Atomoxetine, a potent and selective norepinephrine reuptake inhibitor, is used for the treatment of ADHD in children, adolescents and adults. A recent study that examined atomoxetine in pediatric patients aged 6–12 years demonstrated that in patients with ADHD and ODD, treatment with atomoxetine resulted in a significant improvement in ADHD symptoms and global clinical functioning (Bangs et al. 2008).
The bioavailability and clearance of atomoxetine is influenced by the activity of the polymorphically expressed enzyme cytochrome P450 2D6 (CYP2D6) (Sauer et al. 2005). The plasma half-life of atomoxetine ranges from 5.2 h [extensive metabolizers (EM)] to 21.6 h (poor metabolizers [PM]), depending on the CYP2D6 phenotype. In CYP2D6 EM, atomoxetine clearance can be reduced by selective CYP2D6 inhibitors (Sauer et al. 2005). When taking atomoxetine doses up to 1.8 mg/kg, CYP2D6 PM are likely to show greater efficacy, an increase in cardiovascular tone, and are somewhat more likely to experience adverse events than EM (Michelson et al. 2007). Since atomoxetine is a relatively new medication, whether particular plasma concentrations might predict level of clinical response is of interest.
In this report, we describe a secondary analysis of a previously published study (Bangs et al. 2008) that assessed the efficacy of atomoxetine in treating symptoms of ODD in children with ADHD and comorbid ODD. The objective of this report is to examine whether atomoxetine plasma concentration predicts symptom response in those patients with ADHD and comorbid ODD, including whether increasing dose is associated with improving response for those who have not fully responded to the usual recommended atomoxetine daily dose.
Materials and methods
The details for the methods used in this international multicenter clinical study are described in a previous publication (Bangs et al. 2008). Patients were aged 6–12 years and met Diagnostic and Statistical Manual of Mental Disorders, Fourth Edition (DSM-IV) diagnostic criteria for ADHD (hyperactive/impulsive, inattentive, or combined type) and comorbid ODD as determined by clinician assessment, structured clinical interview [Kiddie Schedule for Affective Disorders and Schizophrenia for School Aged Children-Present and Lifetime Version (K-SADS-PL)] (Kaufman et al. 1997), ADHD rating scale, Swanson, Nolan, and Pelham Rating Scale-Revised (SNAP-IV), (Swanson et al. 2001) score above age and gender norms, Clinical Global Impressions-Severity (CGI-S) (Guy 1976; National Institute of Mental Health 1985) score ≥4, and SNAP-IV ODD scores of ≥15.

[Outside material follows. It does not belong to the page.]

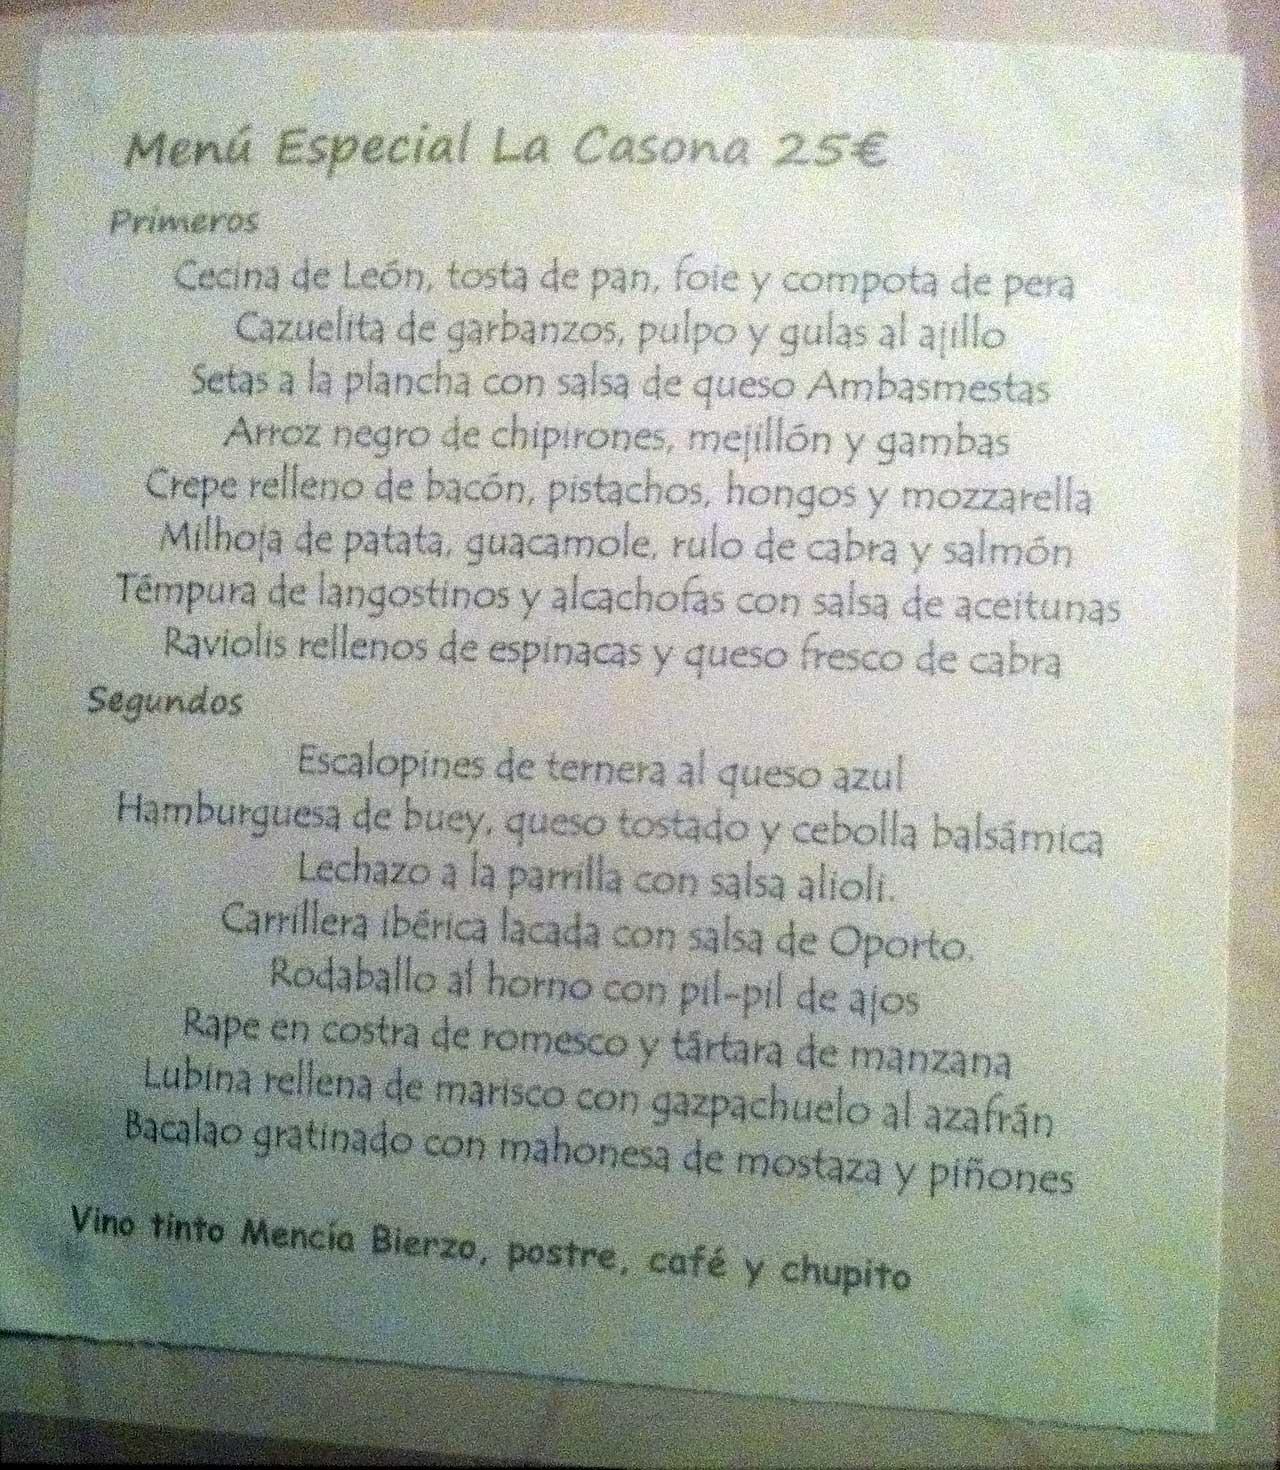 Menu Especial La Casona
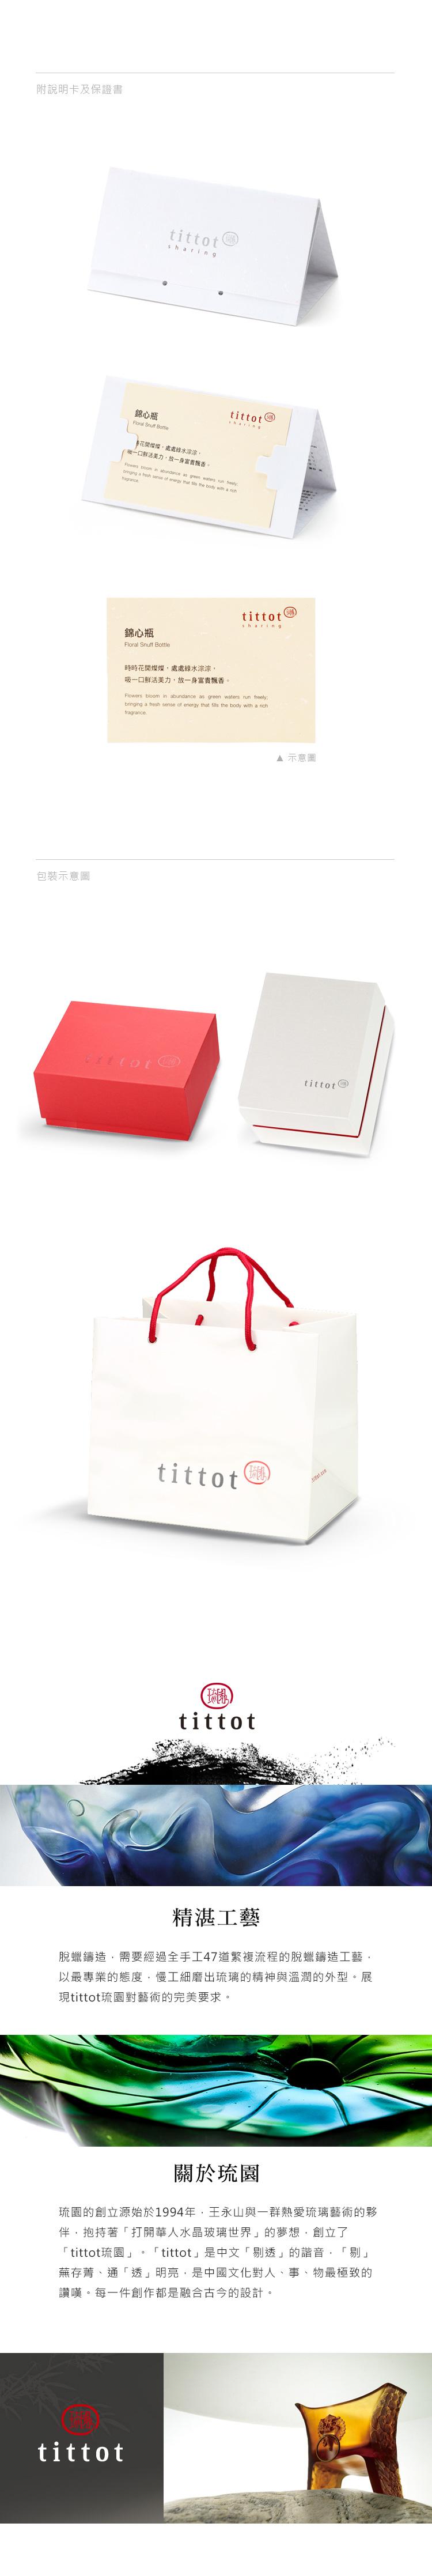 琉園 tittot 我的心情人琉璃項鍊+琉璃收藏盒

Patients with a history of bipolar I or II disorder, psychosis, or pervasive developmental disorder were excluded, as were those with a current diagnosis of major depressive disorder, post-traumatic stress disorder, patients with a Children’s Depression Rating Scale-Revised (CDRS-R) (Poznanski et al. 1996) total raw score >40, serious suicidal risk, history of any seizure disorder (other than febrile seizures), history of alcohol or other drug abuse within the past three months, current cardiovascular disease or other disorders that could be aggravated by increased blood pressure or heart rate, or those who were likely to need psychotropic medications other than atomoxetine during study participation. Additional exclusion criteria details are described in Bangs et al. (2008).
Efficacy measures included the investigator-rated SNAP-IV ODD as well as SNAP-IV ADHD-combined subscales. The SNAP-IV ODD subscale and the SNAP-IV ADHD combined subscale scores were used to measure changes in symptoms of ODD and ADHD. For the analyses reported here, the SNAP-IV ADHD combined subscale scores (total 18 items including both inattention and impulsivity/hyperactivity subscales) and the SNAP-IV ODD subscale scores (total eight items) were evaluated. The CGI-Improvement (CGI-I) scale is a single-item, clinician rating of the total improvement (or worsening) of the patient’s symptoms since the beginning of treatment. The CGI-I, as used in this study, was a composite impression of ADHD and ODD symptoms. Improvement was rated on a 7-point scale (1 = very much improved; 7 = very much worsened).
After a 3–28-day screening and washout period (Study Period I), 226 patients met entry criteria and were randomized in a 2:1 ratio to receive double-blind treatment with atomoxetine 1.2 mg/kg/day or placebo for approximately 8 weeks (Study Period II). At Visit 3, after 2 weeks on atomoxetine at a dose of 1.2 mg/kg/day, patients had blood drawn for atomoxetine plasma concentration. For the blood draw, patients were instructed to hold the morning dose of atomoxetine on the day of Visit 3 and were instructed not to eat anything for at least an hour before their scheduled visit. The patients took their usual dose of study drug in the presence of a member of the investigative staff, and the blood samples were obtained between 60 and 90 min after the patients had taken atomoxetine. Each patient’s atomoxetine plasma concentration results determined their Study Period III (4 weeks) treatment options. In this study, ODD non-remitters were defined by a score of >9 on the SNAP-IV ODD subscale and a score of >2 on the CGI-I, regardless of their steady-state plasma concentration. At the end of Study Period III, all the patients had blood drawn to determine their peak atomoxetine plasma concentration levels.
The purpose of this study was to assess whether plasma levels at Week 2 or Week 12 were predictive of ADHD and ODD symptom improvement. The measures used were the SNAP-IV ODD subscale scores, the SNAP-IV ADHD combined subscale scores, and the CGI-I at the end of the Study Period II or at the end of the Study Period III.
A blood sample was drawn at the beginning of the study period to determine cytochrome P450 2D6 (CYP2D6) genotype. Adverse events were collected by open-ended discussion at all the visits.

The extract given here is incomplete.